I did some simulations to estimate mean absolute percentage error (MAPE). I took sizes of pieces on one of my nodes to have an proper empirical distribution of piece sizes, then simulated 1000 nodes of each size storing these pieces. Numbers show quantiles of MAPE for different min_pieces_to_collect
values:
For simulated nodes of 500 GB:
min_pieces_to_collect \ quantile |
90% | 99% | 99.5% |
---|---|---|---|
10,000 | 4.44% | 6.73% | 7.25% |
100,000 | 1.36% | 2.06% | 2.27% |
1,000,000 | 0.35% | 0.55% | 0.62% |
10,000,000 | 0 | 0 | 0 |
(note: there was less than 10M pieces, so all pieces were visited in the last row)
For simulated nodes of 1 TB:
min_pieces_to_collect \ quantile |
90% | 99% | 99.5% |
---|---|---|---|
10,000 | 4.63% | 6.98% | 7.33% |
100,000 | 1.39% | 2.20% | 2.32% |
1,000,000 | 0.41% | 0.63% | 0.67% |
10,000,000 | 0 | 0 | 0 |
(note: there was less than 10M pieces, so all pieces were visited in the last row)

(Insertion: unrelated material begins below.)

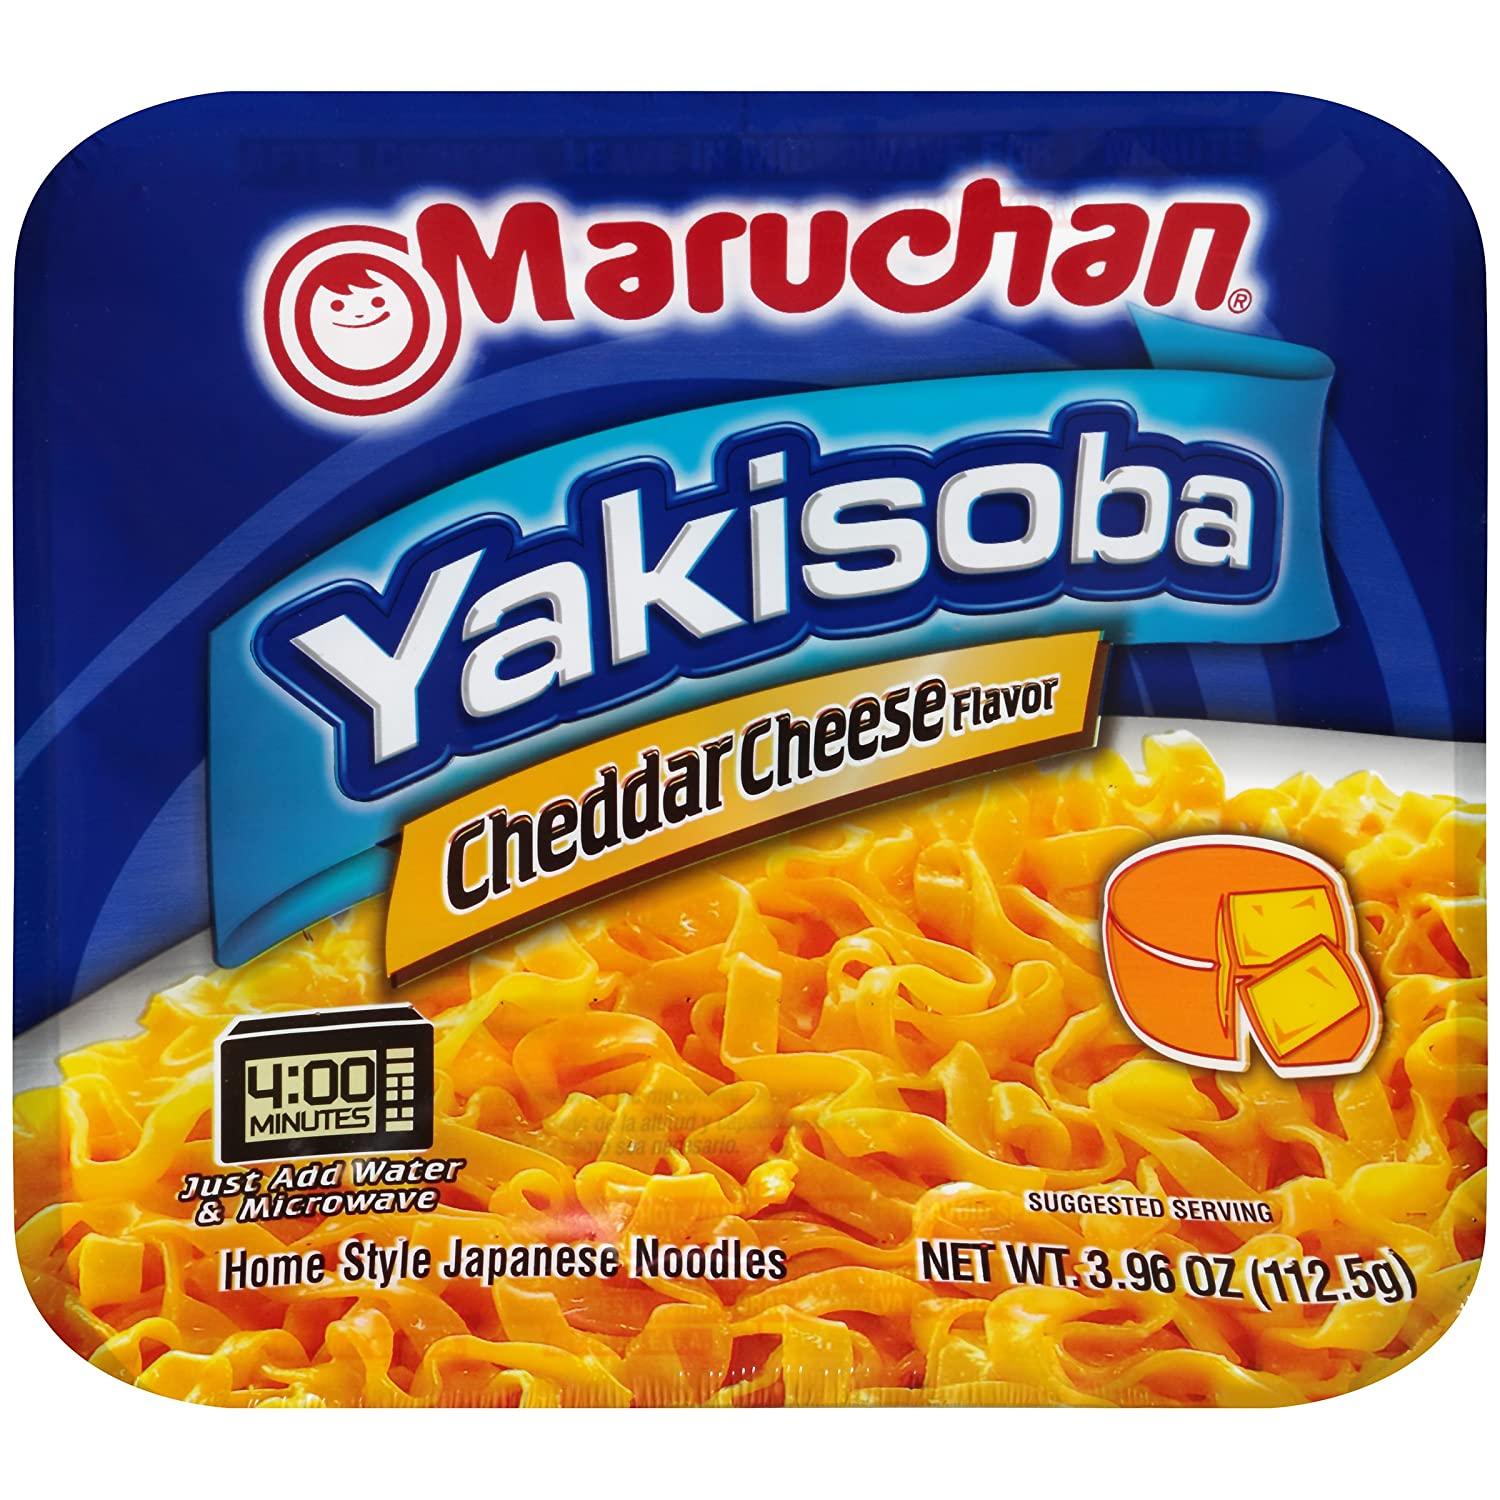 Maruchan Yakisoba Cheddar Cheese Flavor, 3.96 Oz, Pack of 8, (4178990766)  3.96 Ounce (Pack of 8) Chedder cheese

For simulated nodes of 2 TB:
min_pieces_to_collect \ quantile |
90% | 99% | 99.5% |
---|---|---|---|
10,000 | 4.46% | 7.09% | 7.45% |
100,000 | 1.43% | 2.48% | 2.66% |
1,000,000 | 0.42% | 0.67% | 0.77% |
10,000,000 | 0.03% | 0.05% | 0.05% |
For simulated nodes of 5 TB:
min_pieces_to_collect \ quantile |
90% | 99% | 99.5% |
---|---|---|---|
10,000 | 2.84% | 4.46% | 4.74% |
100,000 | 1.41% | 2.20% | 2.41% |
1,000,000 | 0.45% | 0.72% | 0.81% |
10,000,000 | 0.11% | 0.17% | 0.18% |
For simulated nodes of 10 TB:
min_pieces_to_collect \ quantile |
90% | 99% | 99.5% |
---|---|---|---|
10,000 | 2.03% | 3.04% | 3.38% |
100,000 | 1.34% | 2.24% | 2.34% |
1,000,000 | 0.44% | 0.70% | 0.75% |
10,000,000 | 0.13% | 0.20% | 0.22% |
For simulated nodes of 20 TB:
min_pieces_to_collect \ quantile |
90% | 99% | 99.5% |
---|---|---|---|
10,000 | 1.40% | 2.21% | 2.43% |
100,000 | 1.40% | 2.21% | 2.43% |
1,000,000 | 0.45% | 0.69% | 0.74% |
10,000,000 | 0.14% | 0.20% | 0.22% |
(note: a single subdirectory contains more than 100k pieces, so the numbers for 10k and 100k min_pieces_to_collect
will be the same)
For simulated nodes of 50 TB:
min_pieces_to_collect \ quantile | 90% | 99% | 99.5% |
---|---|---|---|
10,000 | 0.88% | 1.36% | 1.42% |
100,000 | 0.88% | 1.36% | 1.42% |
1,000,000 | 0.45% | 0.70% | 0.76% |
10,000,000 | 0.14% | 0.22% | 0.24% |
(note: a single subdirectory contains more than 100k pieces, so the numbers for 10k and 100k min_pieces_to_collect
will be the same)
For simulated nodes of 100 TB:
min_pieces_to_collect \ quantile | 90% | 99% | 99.5% |
---|---|---|---|
10,000 | 0.64% | 0.95% | 1.08% |
100,000 | 0.64% | 0.95% | 1.08% |
1,000,000 | 0.45% | 0.69% | 0.76% |
10,000,000 | 0.14% | 0.21% | 0.24% |
(note: a single subdirectory contains more than 100k pieces, so the numbers for 10k and 100k min_pieces_to_collect
will be the same)
I opted to evaluate an approach that would be the simplest to implement right now. Some potential refinements are:
- Pick at least N directories, for N > 10. This would help with potential single-directory losses. But would require scanning too much data for large nodes.
- Scan only a specific fraction of a directory. This would compensate point 1. and still reduce the workload for very large nodes, but would make estimates more complex.